▸ Work to complete
Of the lines listed below, return exactly those that run from the line containing "Soporte Móvil Coche" through the line containing "62, H 79 cm", both included.

▸ Supplied material
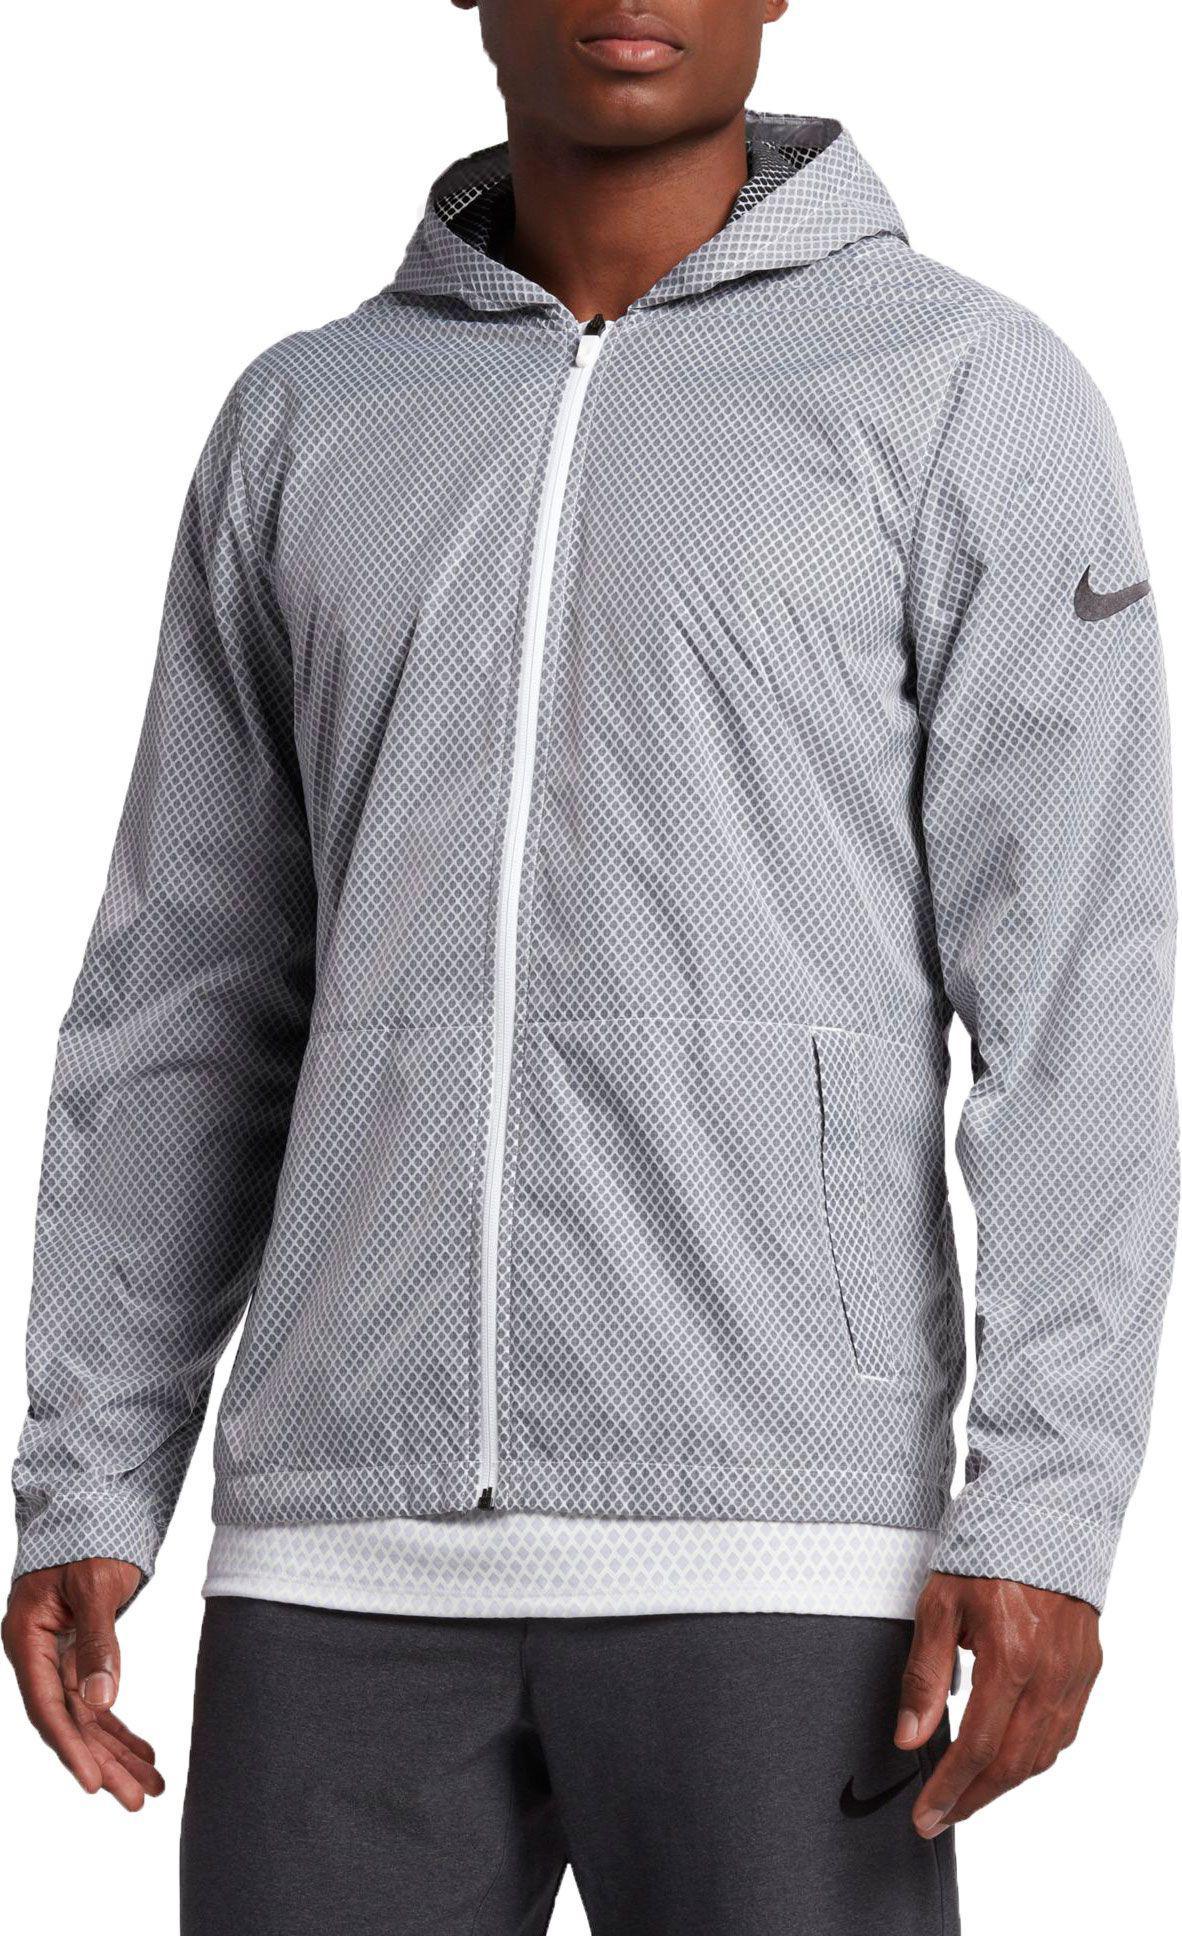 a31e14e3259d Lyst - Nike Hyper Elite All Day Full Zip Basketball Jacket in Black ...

* * *

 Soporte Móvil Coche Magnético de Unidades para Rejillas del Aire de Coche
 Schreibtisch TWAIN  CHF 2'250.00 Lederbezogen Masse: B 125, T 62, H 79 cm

▸ Solution to this exercise
 Soporte Móvil Coche Magnético de Unidades para Rejillas del Aire de Coche
 Schreibtisch TWAIN  CHF 2'250.00 Lederbezogen Masse: B 125, T 62, H 79 cm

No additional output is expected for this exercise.